# Is this discrete-time system time-invariant?

For a discrete-time system, the input signal is $x(n)$, the output signal is

$y[n] = x[n+1] - x[1-n]$

I think it's time-invariant, but the solution's manual says it's not.

My procedure is: $T\{x[n-k]\} = x[n - k + 1] - x[1 - (n - k)] = x[n - k + 1] - x[1 - n + k]$

$y[n-k] = x[n-k+1]-x[1-n+k]$

Am I wrong?

• What is $T{}{}$? – Ian Oct 13 '17 at 10:56
• Are you sure the book does not rather ask about $y[n] = x[n+1] - x[n-1]$? – Did Mar 3 '18 at 11:49

The system you have given is $$y[n]=x[n+1]-x[1-n]=x[n+1]-x[-n+1]$$ You can see that the system is subtracting a shifted and reflected version of the input $x[n]$ from a shifted version of the same input.

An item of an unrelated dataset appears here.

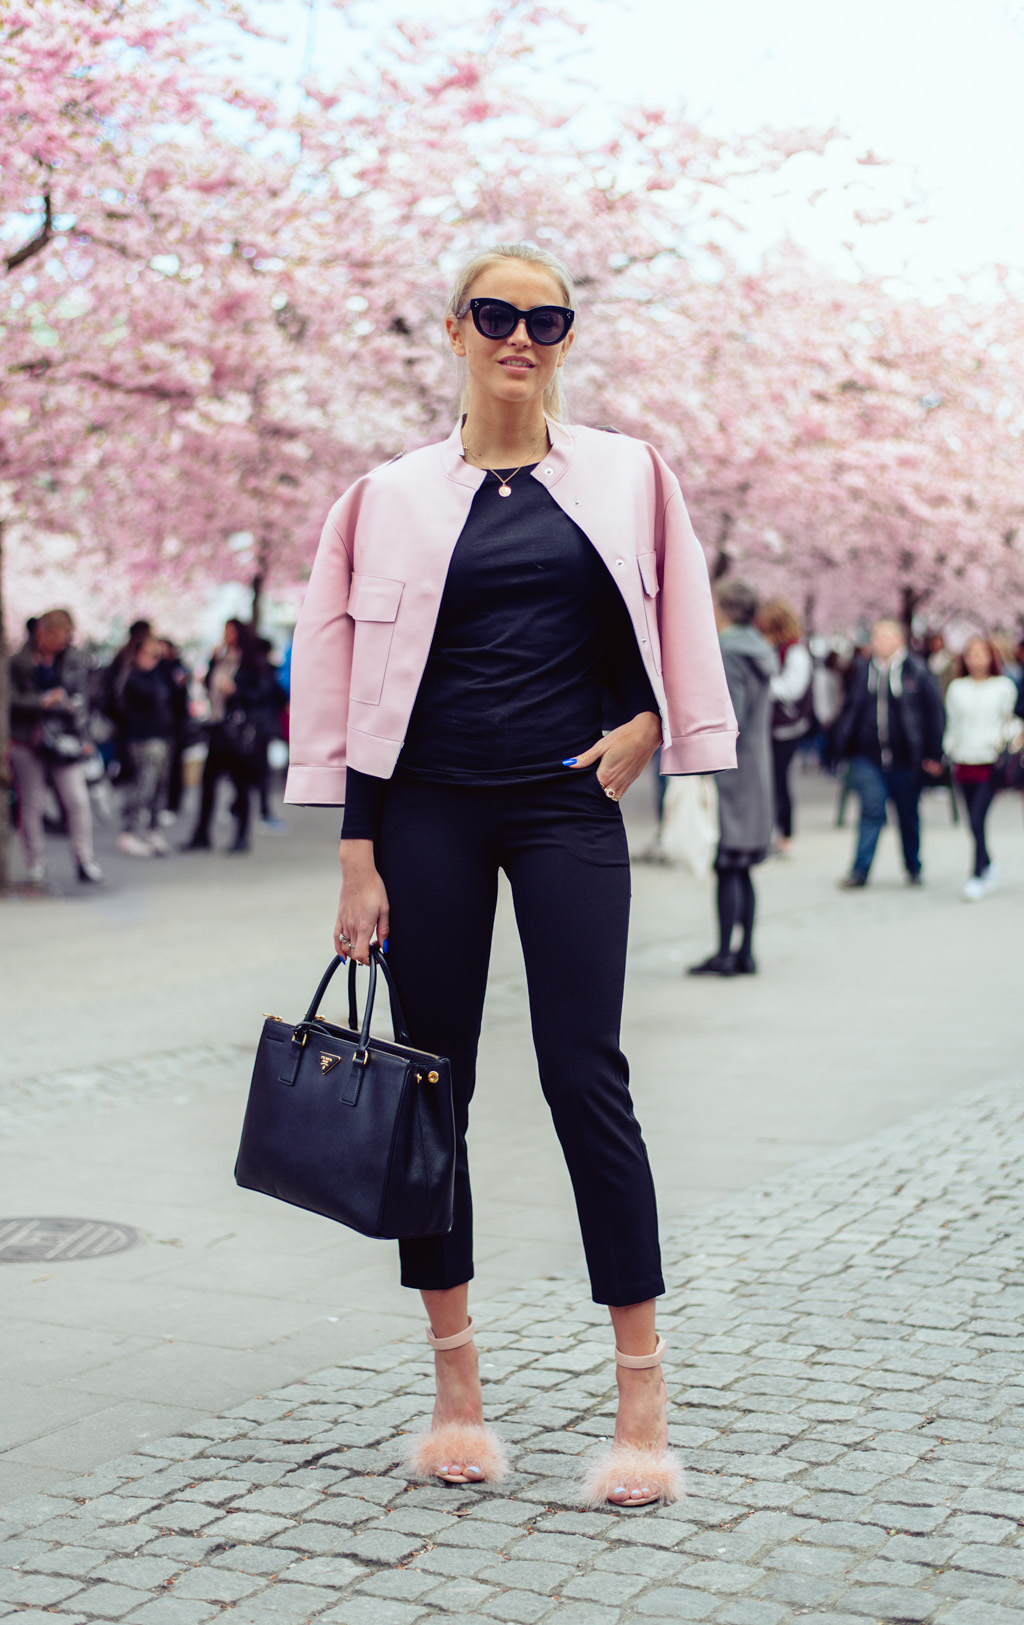 janni-deler-pink-flowersDSC_5746

In particular, the second term shifts $x[n]$ one unit to the right and then reflects it about the y-axis.
In this case, for the second term, the system further shifts $x[n-k]$ to the right so it becomes $x[n-k+1]$. It then flips it so it becomes $x[-n-k+1]$. This is not equivalent to the term you obtain when the output is directly shifted by $k$, given by $x[-(n-k)+1]=x[-n+k+1]$. The system is not time-invariant.